**TASK REQUIREMENTS**
Verbatim copy, images omitted: return the full listing.
::: INPUT DATA
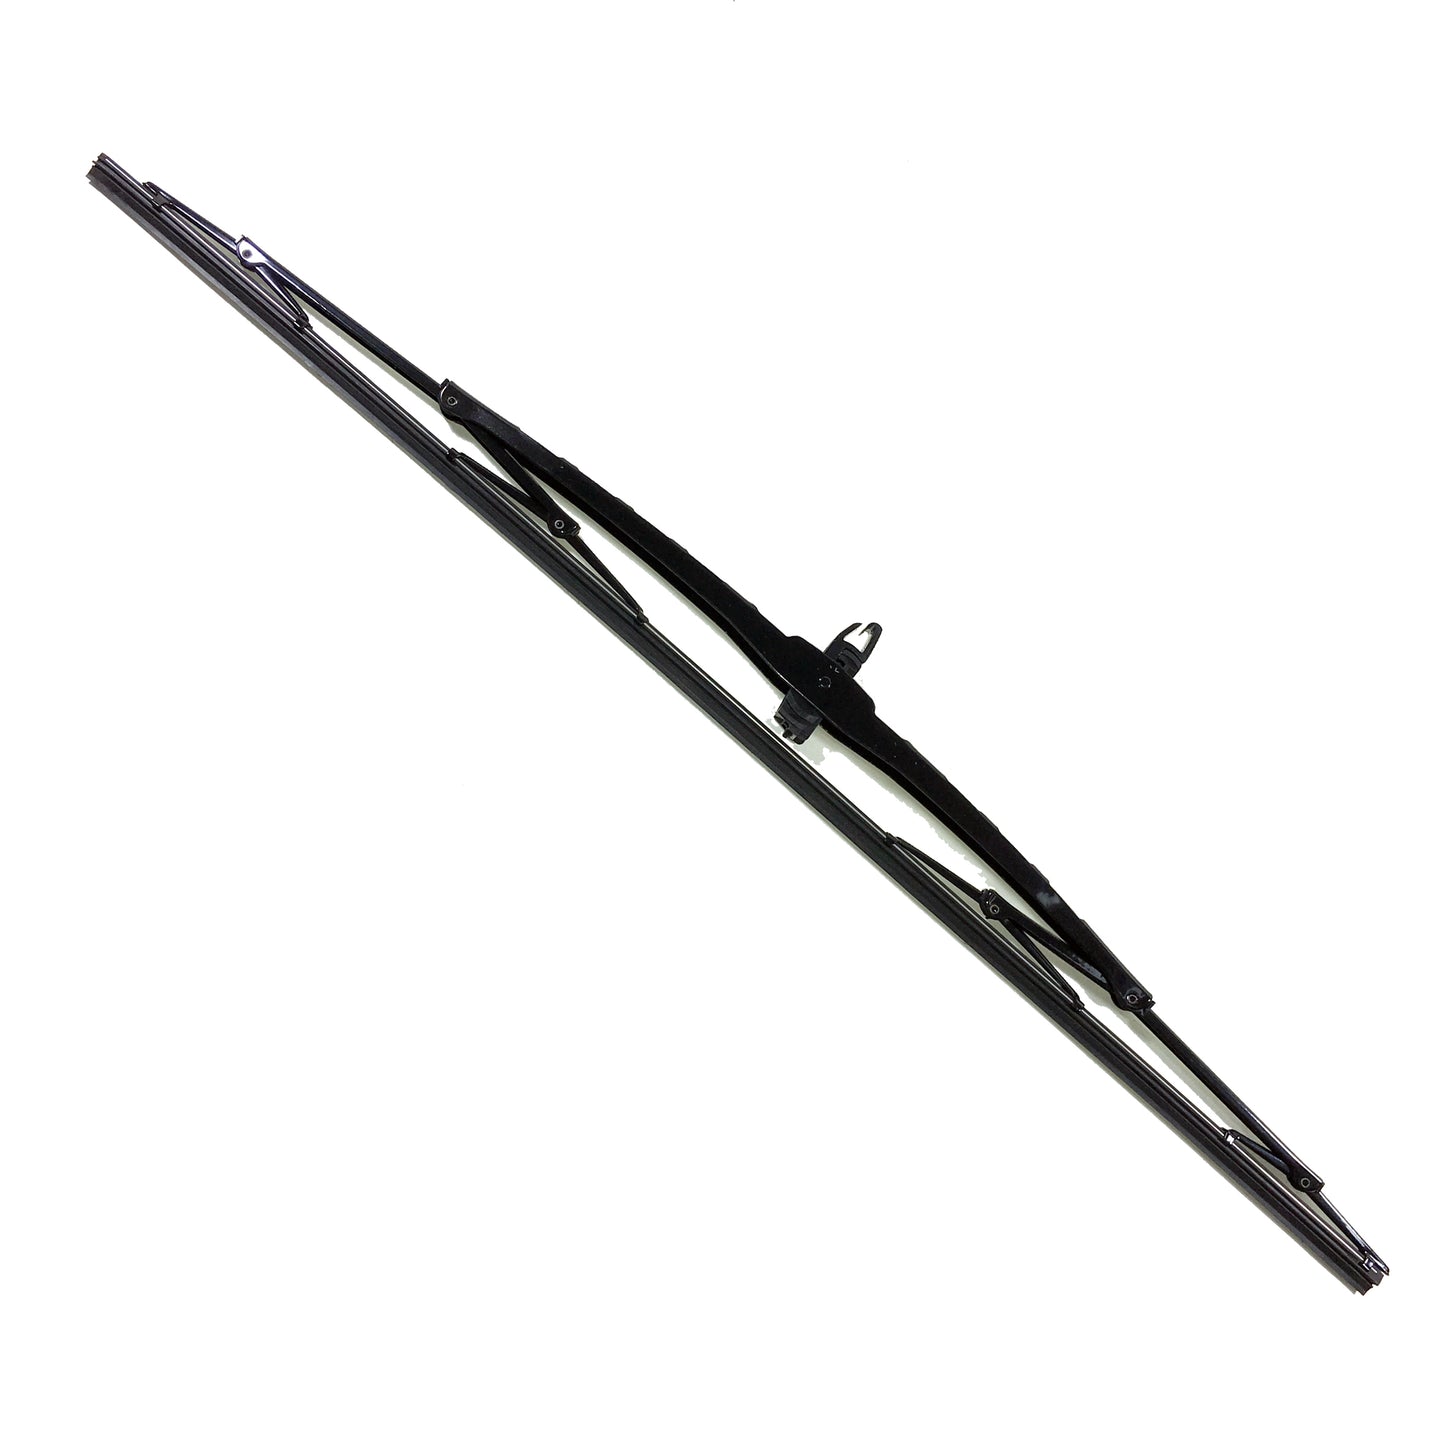 MERCEDES-BENZ COUPE Coupe Mar 1987 to May 1993 Wiper Blade Kit
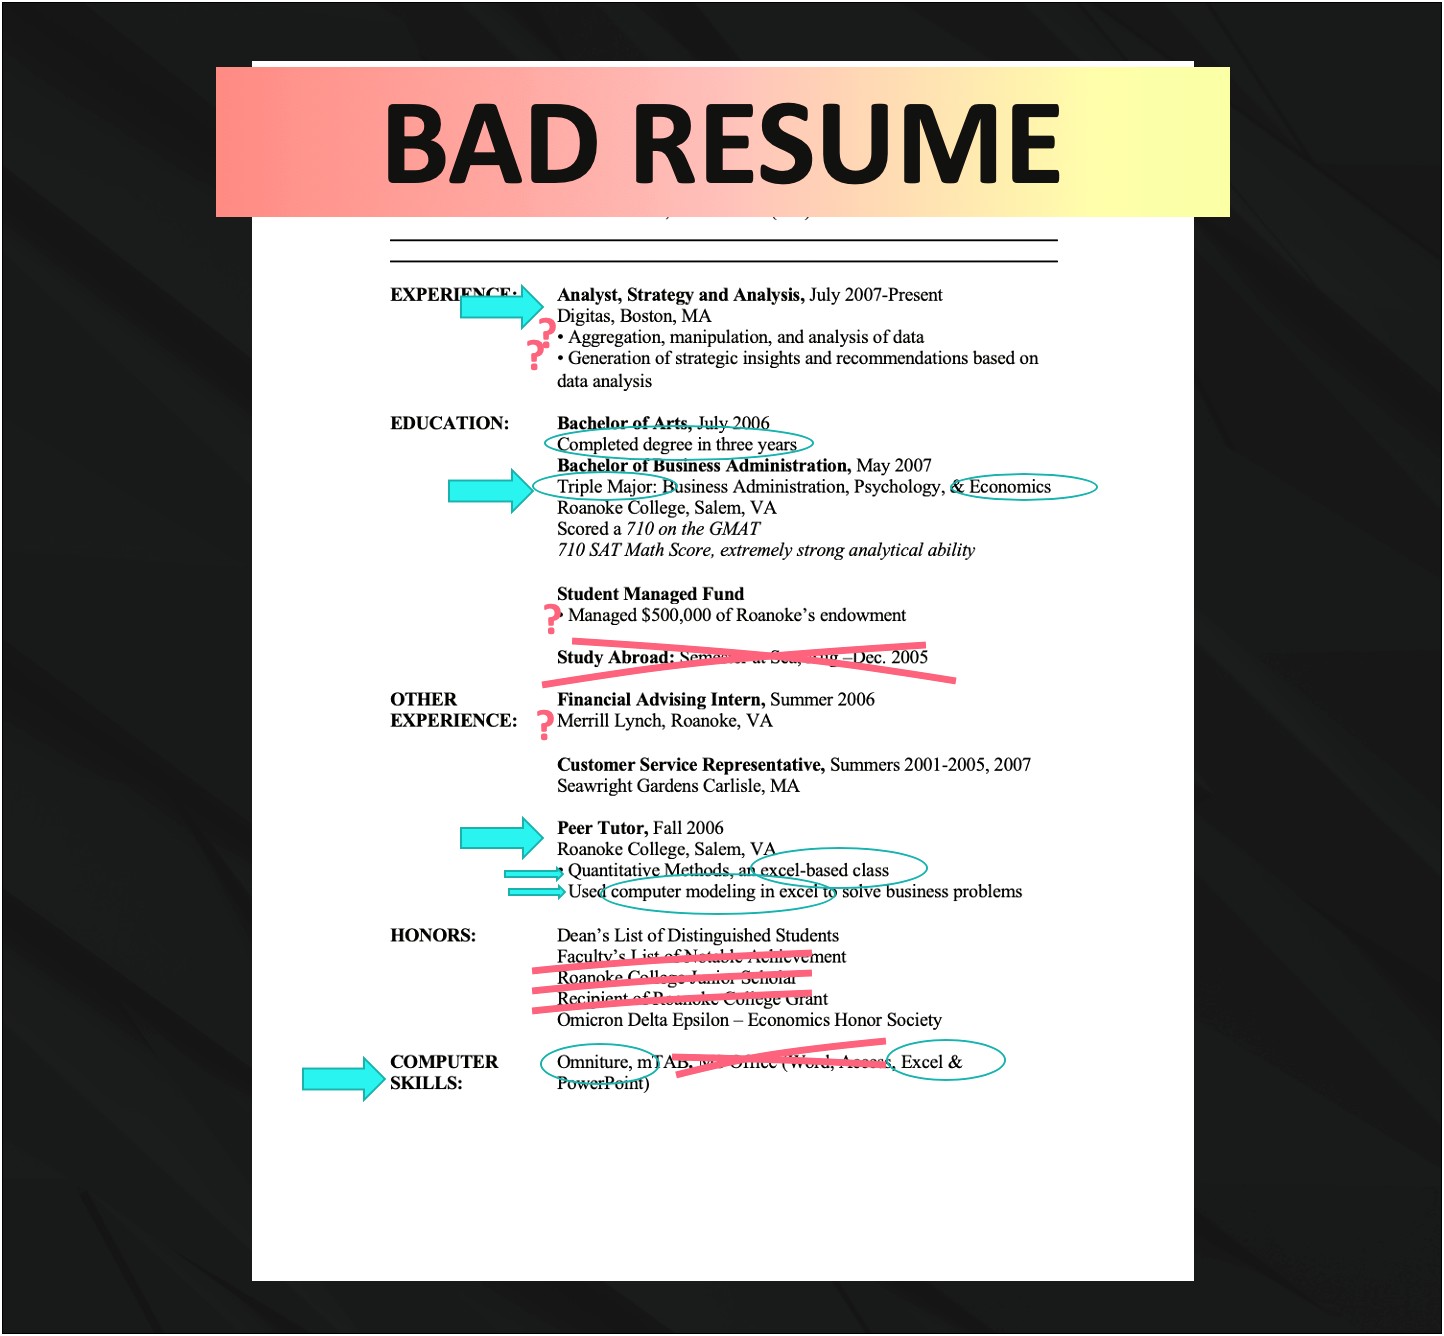 Technical Analyst Summary Of Qualifications Resume
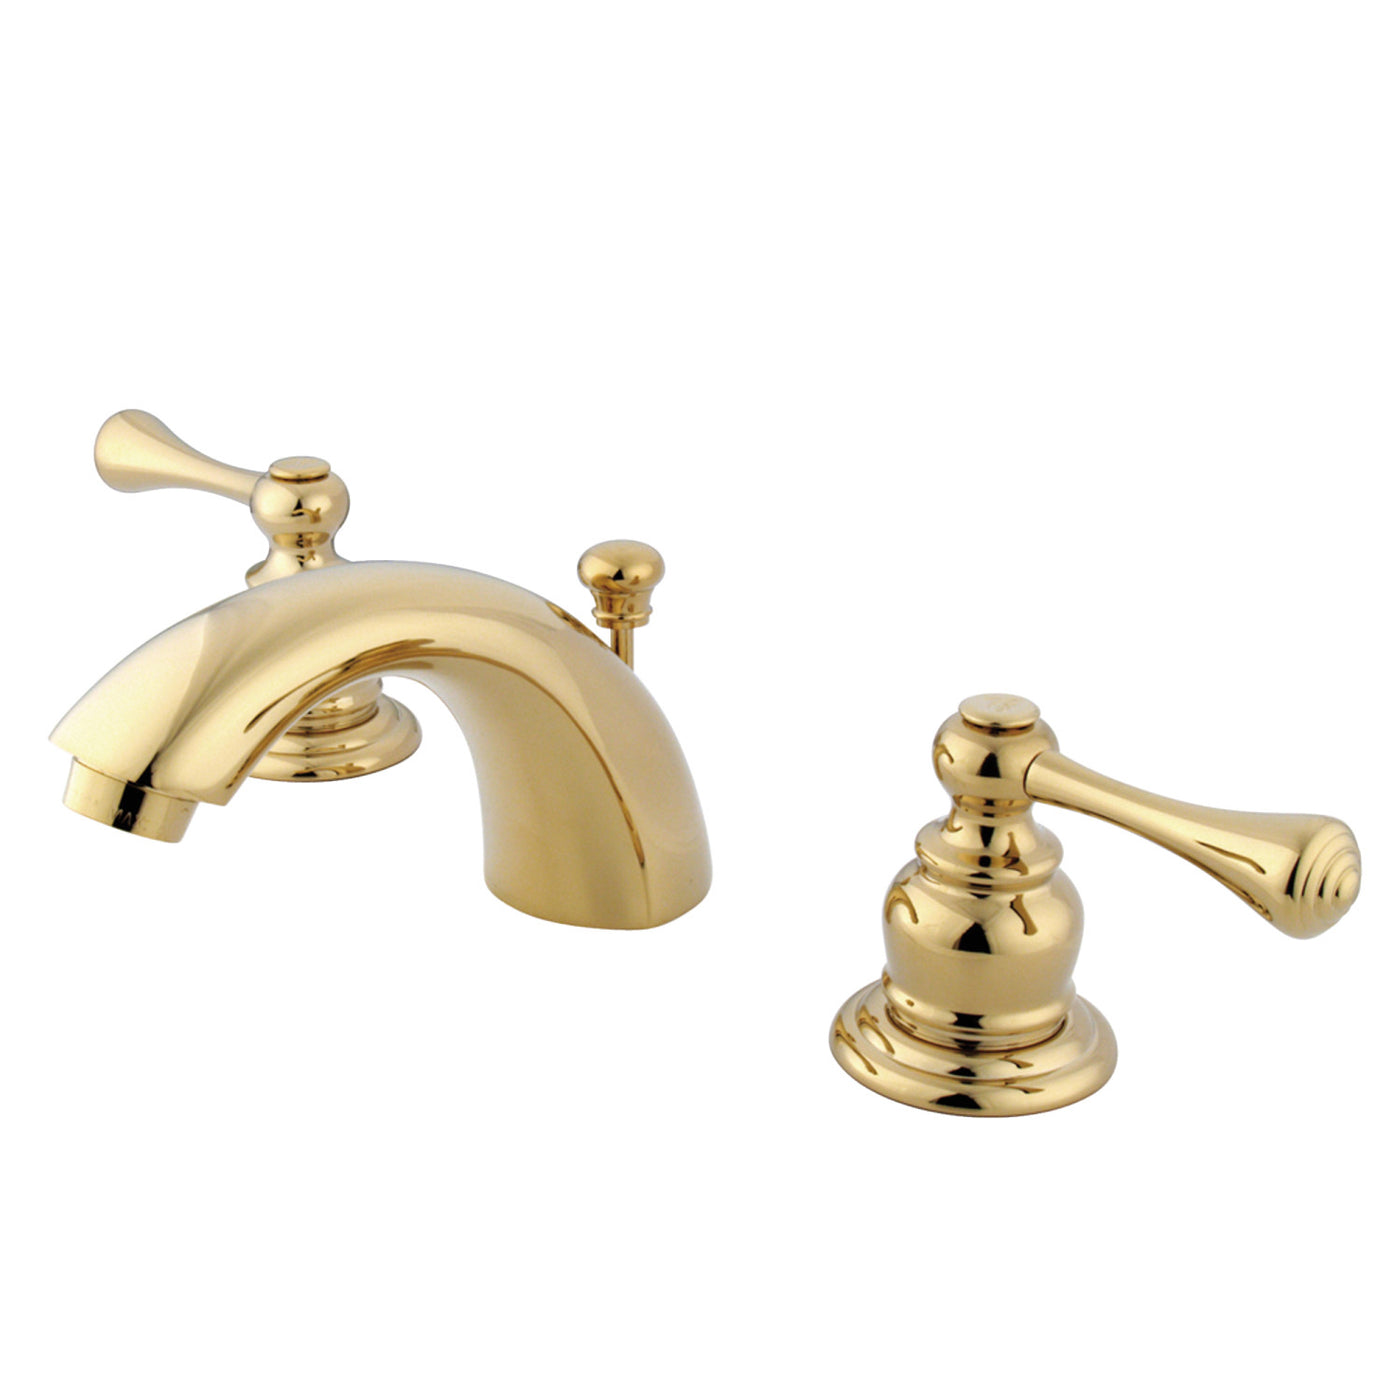 Elements of Design EB3942BL Mini-Widespread Bathroom Faucet, Polished Brass
::::::
**ANSWER AREA**
 MERCEDES-BENZ COUPE Coupe Mar 1987 to May 1993 Wiper Blade Kit
 Technical Analyst Summary Of Qualifications Resume
 Elements of Design EB3942BL Mini-Widespread Bathroom Faucet, Polished Brass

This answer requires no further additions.